Romelu Lukaku quería descolgar el teléfono, marcar el número de su abuelo materno y hacerle conocedor de la realidad de su familia. No le llamó porque falleció 5 días después de trasladarle un último pedido, a 6 mil kilómetros de distancia. Son los que separan Congo, país de origen de sus padres, y Bélgica, el lugar donde el atacante del Manchester United nació.
“Quiero que cuides de mi hija por mí”, le rogó. Lukaku no entendió en ese momento por qué, a diferencia de otras veces, su abuelo no había querido profundizar en sus progresos en el futbol y por qué había pasado casi de largo por los 76 goles que aquel niño de 12 años había anotado en 34 partidos para hacer a su equipo campeón de Liga. Lo comprendió al saber de su pérdida, poco después de descubrir a su madre mezclando agua y leche para que el pequeño Rom tuviera algo que llevarse a la boca.
Fue entonces cuando, mientras se calzaba los botines de su padre, se propuso ser profesional. Era la forma de cumplir la promesa que le hizo a su abuelo, y de salvar a su familia de su triste situación.
El 13 de mayo de 2009, a sus 16 años, firmó su primer contrato con el Anderlecht. Once días después, fue citado para el partido por el título contra el Standar de Lieja.

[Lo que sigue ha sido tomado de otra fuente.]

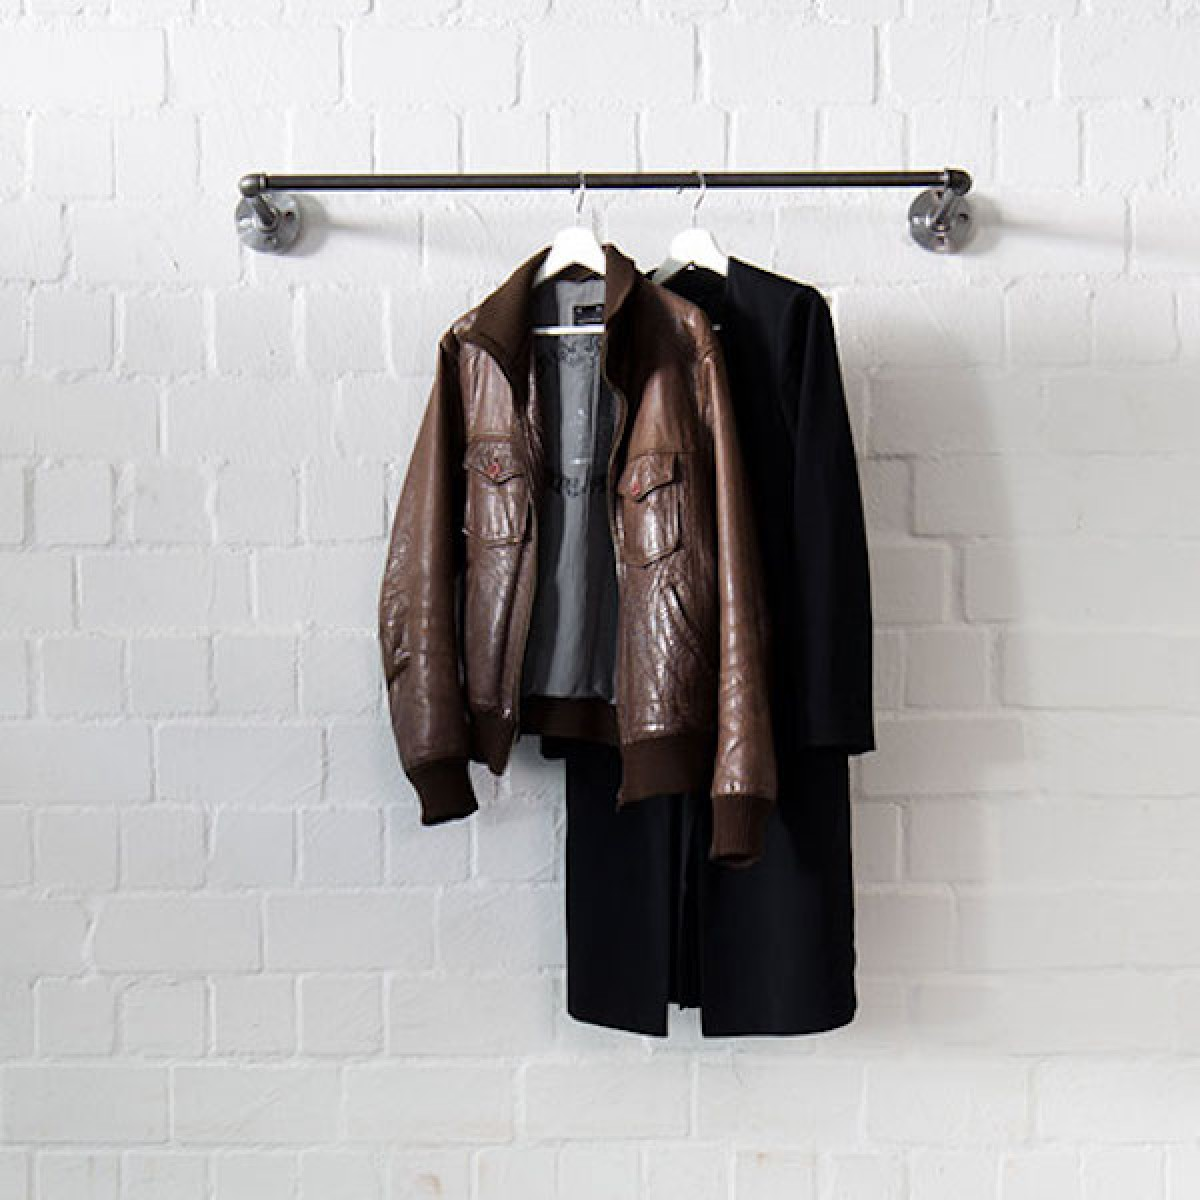 various Industrial Style Kleiderstange · Wandgarderobe im Industriedesign SOLID LINE - Tiefe 25 cm

Lukaku culminó así su lucha contra el tiempo, pero también contra la pobreza (“todavía recuerdo las ratas corriendo por mi apartamento”, asegura), la marginación y el racismo. Porque con 11 años, jugando con el equipo juvenil del Lièrse, el padre de uno de los niños rivales trató de evitar que entrase en la cancha.
“Empezó a preguntar: ¿qué edad tiene este chico? ¿Dónde está su carné de identidad? ¿De dónde es?”, contó Romelu Lukaku en The Players’ Tribune. Como internacional con Bélgica sintió igualmente esa discriminación. “Cuando las cosas iban bien, los periódicos hablaban de mí como Romelu Lukaku, el delantero belga. Cuando las cosas iban mal, era el delantero belga de origen congoleño”, dijo.